I have a confession to make. I’m a data nerd. For the last eight months, every night, I’ve kept a sort of data-driven diary, with inputs from my daily life tracked inside a spreadsheet. And I’m not alone. There’s the Quantified Self Movement, where data nerds attend meet-up groups to talk about their own self-tracking methods. The movement’s cofounder Gary Wolf explains it as “self-knowledge through self-tracking with technology.” I haven’t yet attended any of these meet-ups, but I’m sure there are people that get even nerdier with their data than I do.
Why go to all the work of tracking data on yourself?
It’s not for everyone. You need enough self-discipline to spend 5-10 minutes on data entry each evening, consistently, for a few months at minimum. But the rewards are huge once you have accumulated enough data to pull some insights. Think about studies you read in the news, such as “drinking 2-5 cups of coffee a day results in x health benefits.” I don’t care about these studies too much, if I can’t take action on their insights in my own life, and test the results. By tracking your own data, you’ll uncover real insights, such as “When I drink 2-3 cups of coffee a day, I have an improved mood + am a more productive writer/exerciser/whatever. But when I have no coffee, or I have more than 3 cups of coffee, I don’t see these benefits. So 2-3 cups of coffee is my personal sweet spot.”
Find your personal sweet spots
I’ve been getting better at it, but I haven’t always been the best at listening to myself, and my needs, on an emotional level. Tracking this data has help me stay connected to + listen to myself. For example, I haven’t always realized how how much / little “me time” I need. By tracking social activities, I’ve been able to find the “sweet spot” for social activities, while paying more attention to this in my day-to-day, knowing that my “sweet spot” for social time is likely to change over time and other things going on in my life.
Stay accountable to your goals + see if they are delivering the results you seek
I have a goal of getting 90 minutes of cardio in each week.
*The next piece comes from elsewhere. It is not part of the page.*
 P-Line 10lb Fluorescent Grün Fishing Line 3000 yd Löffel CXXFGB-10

By tracking my cardio minutes, I can see if I’m on/off track. I can also dig into the “why” behind the goal, for example, does getting more or less cardio impact my average mood score for the week?
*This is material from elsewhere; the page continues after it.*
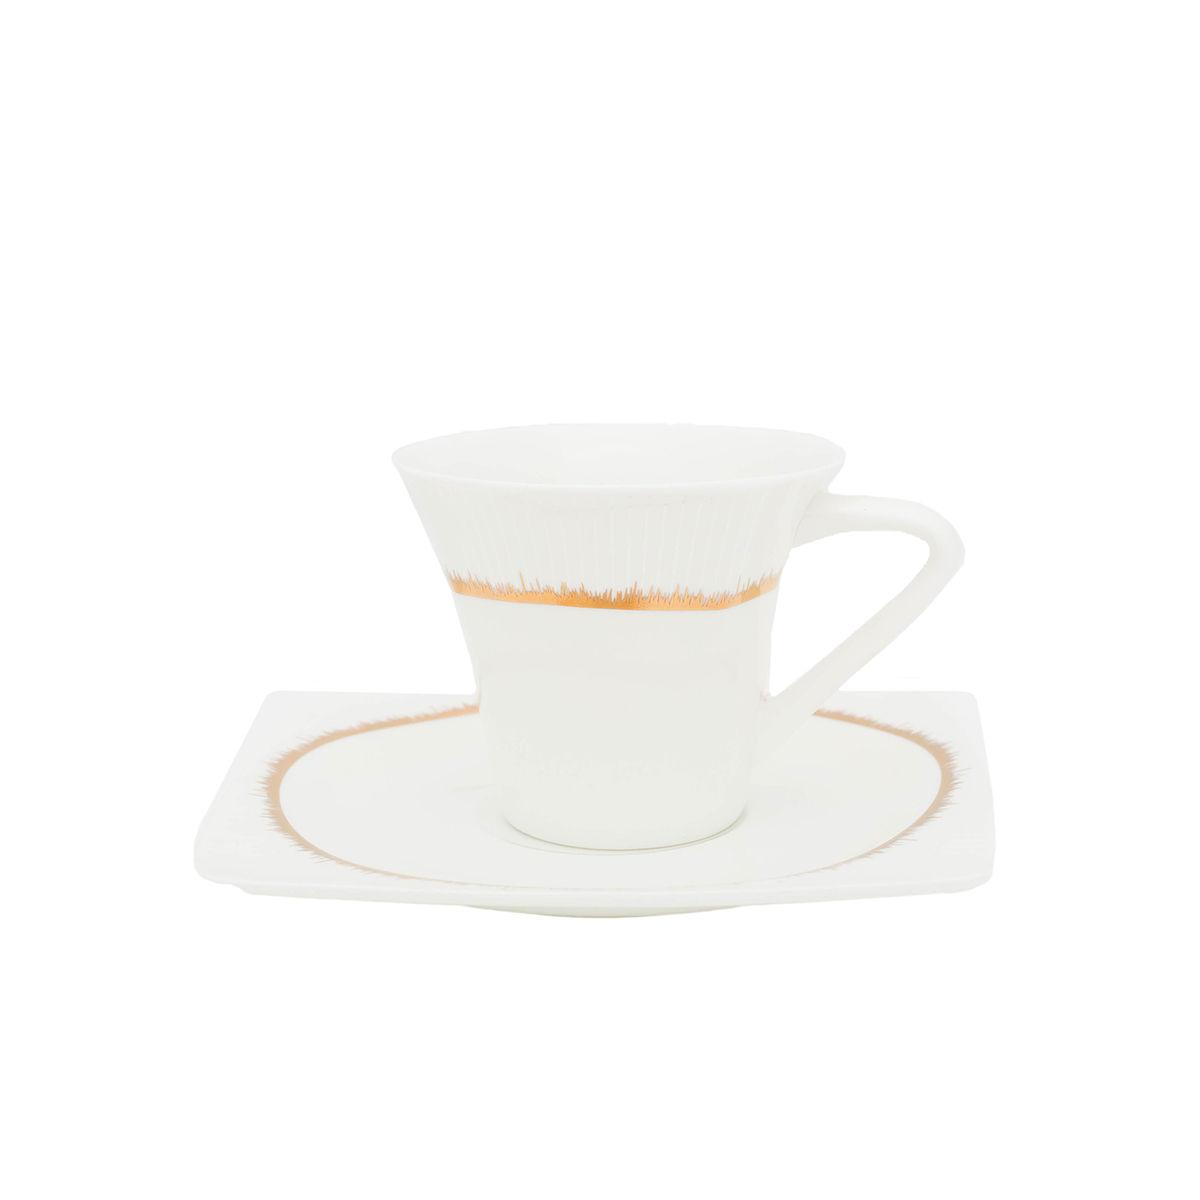 HELIOS Serviciu cafea portelan 6 persoane 100 ml

As another example, when I was recovering from a back injury, I tracked my injury pain, daily physical therapy exercises, and any other physical activity I did during the day. This helped me track progress to my recovery (and showed me when I pushed toward recovery too aggressively).
Why use a spreadsheet? Isn’t there an app for that?
Yes, but quantified self apps are at the very early stages of providing useful insights on your data, and don’t allow you to customize the data you want to track. I haven’t seen any apps out there yet that allow for creative minds / spreadsheet nerds like myself to dig deeper into the data. The apps that help you quantify yourself right now (ex. Gyroscope) do this by pulling in data from all your other apps (e.g. Health Tracker, Fitbit, RescueTime), adding in their own features (ex. Mood Tracking), and spitting out daily + weekly insight reports. If you’re like me, you pay attention to these reports a few times and then get bored as they lack actionable insights. You want to dig into the data your own way.
How to track your data: try my spreadsheet template
I’ve created a Google Sheet template that you can copy to your personal Google Drive (or save offline), get your Free Habit Tracking Spreadsheet.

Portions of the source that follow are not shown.